**Data below:**
*** Block opens ***
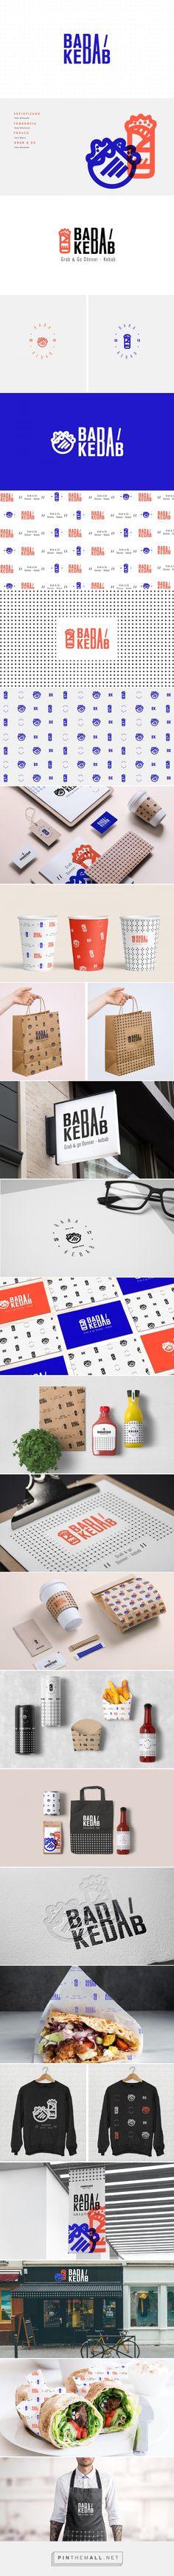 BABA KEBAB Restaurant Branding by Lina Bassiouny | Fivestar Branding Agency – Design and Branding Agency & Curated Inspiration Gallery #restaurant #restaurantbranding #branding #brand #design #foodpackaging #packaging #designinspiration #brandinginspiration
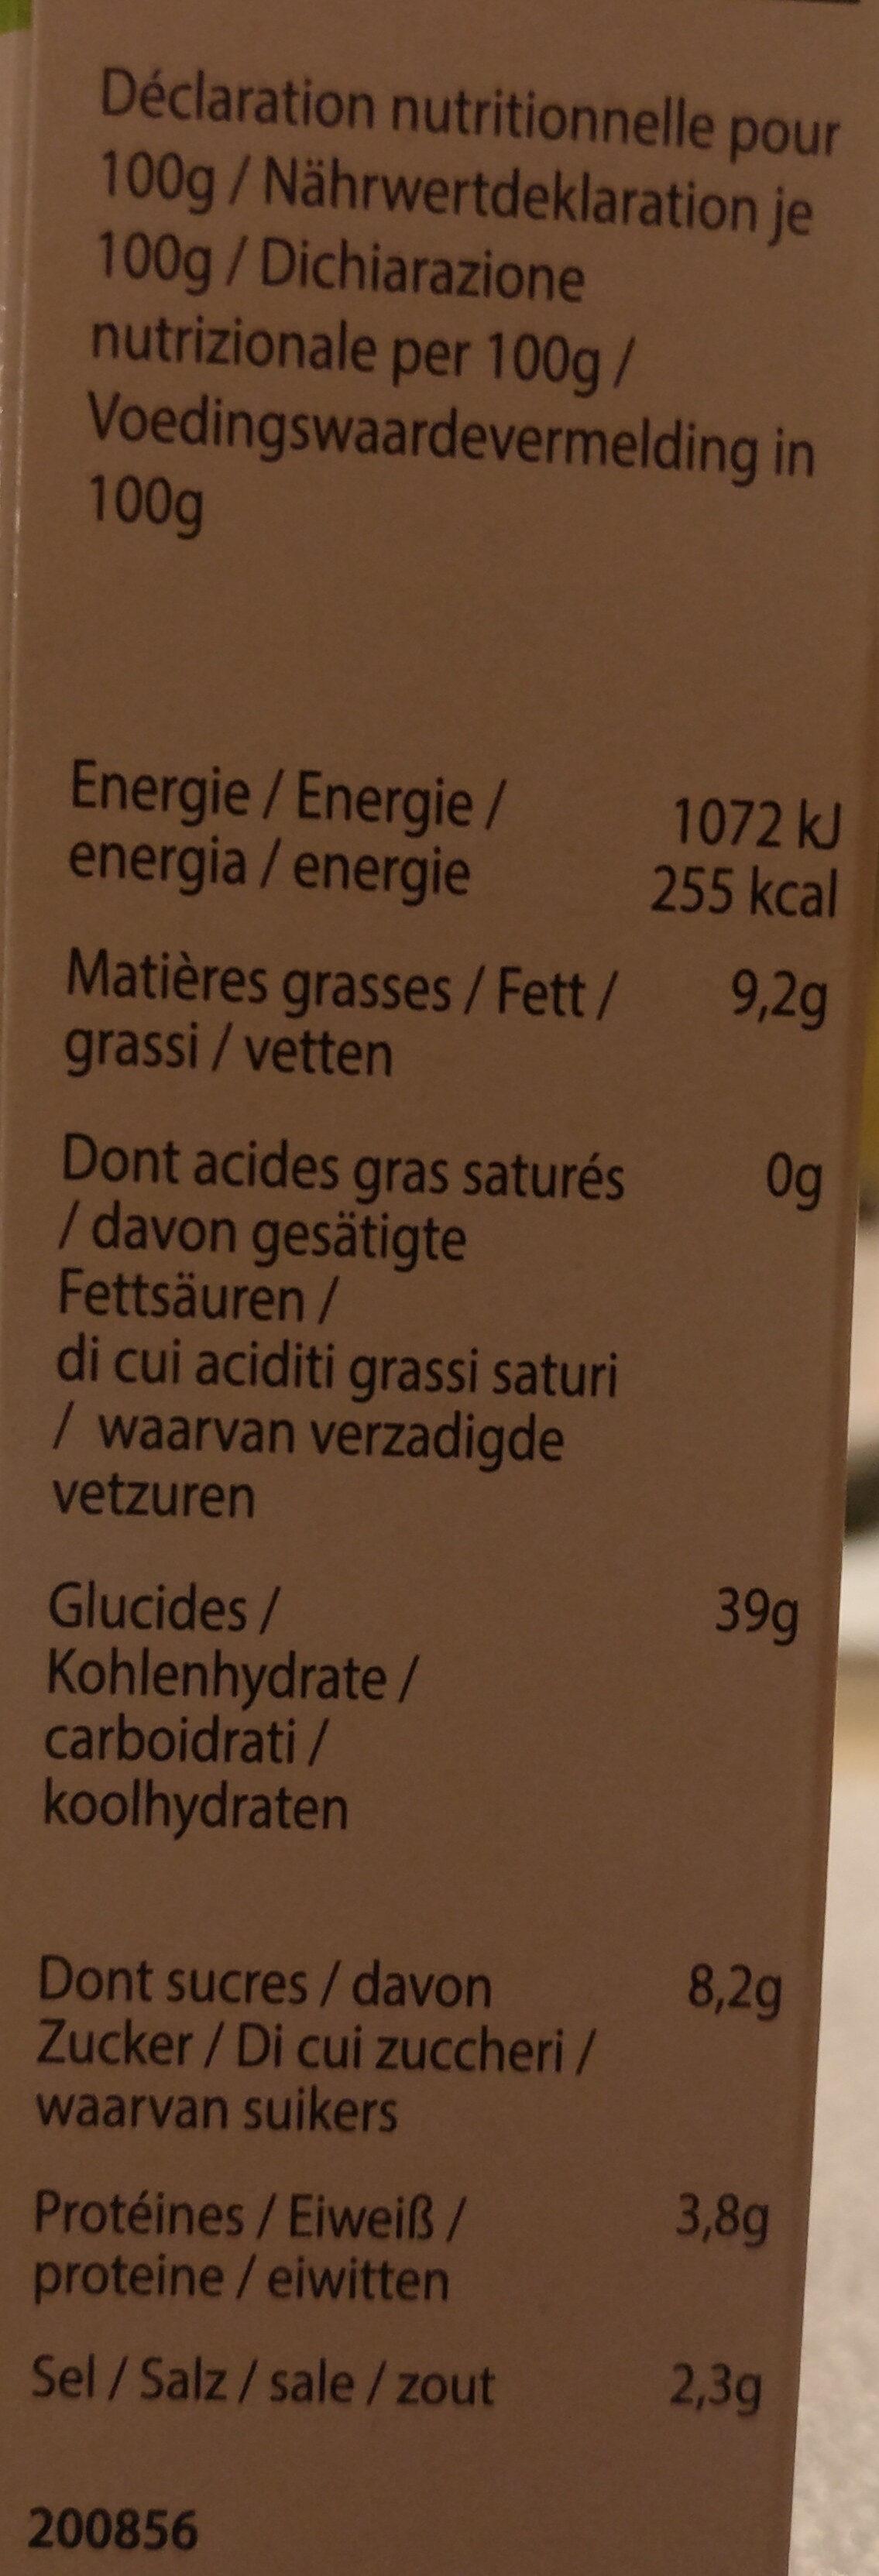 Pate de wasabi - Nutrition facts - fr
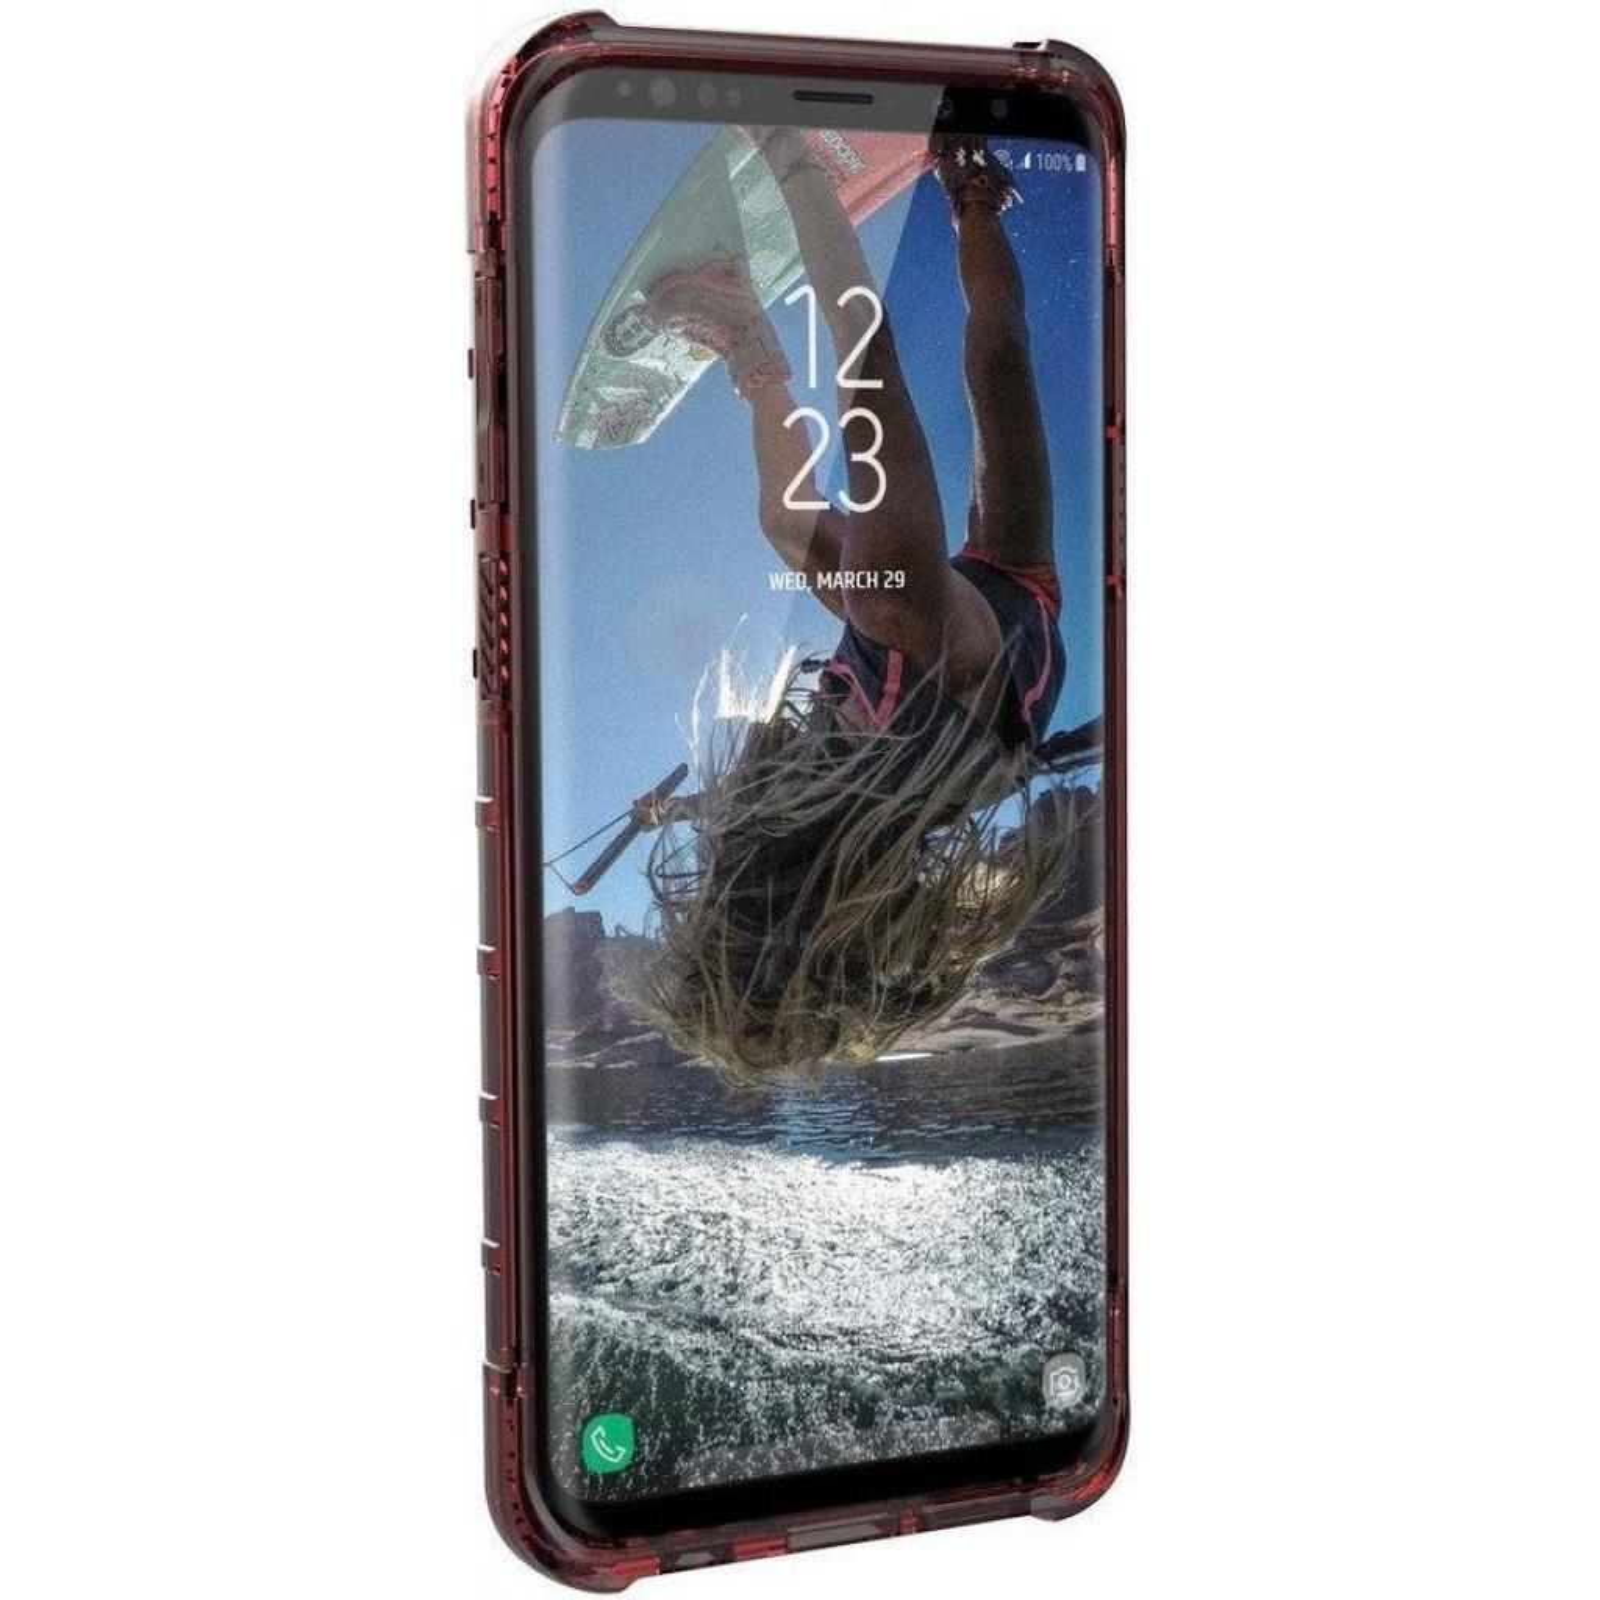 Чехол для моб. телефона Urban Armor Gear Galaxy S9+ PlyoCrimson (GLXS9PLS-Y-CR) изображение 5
*** Block closes ***
Make an exact printout of the listing above, omitting the images.

 BABA KEBAB Restaurant Branding by Lina Bassiouny | Fivestar Branding Agency – Design and Branding Agency & Curated Inspiration Gallery #restaurant #restaurantbranding #branding #brand #design #foodpackaging #packaging #designinspiration #brandinginspiration
 Pate de wasabi - Nutrition facts - fr
 Чехол для моб. телефона Urban Armor Gear Galaxy S9+ PlyoCrimson (GLXS9PLS-Y-CR) изображение 5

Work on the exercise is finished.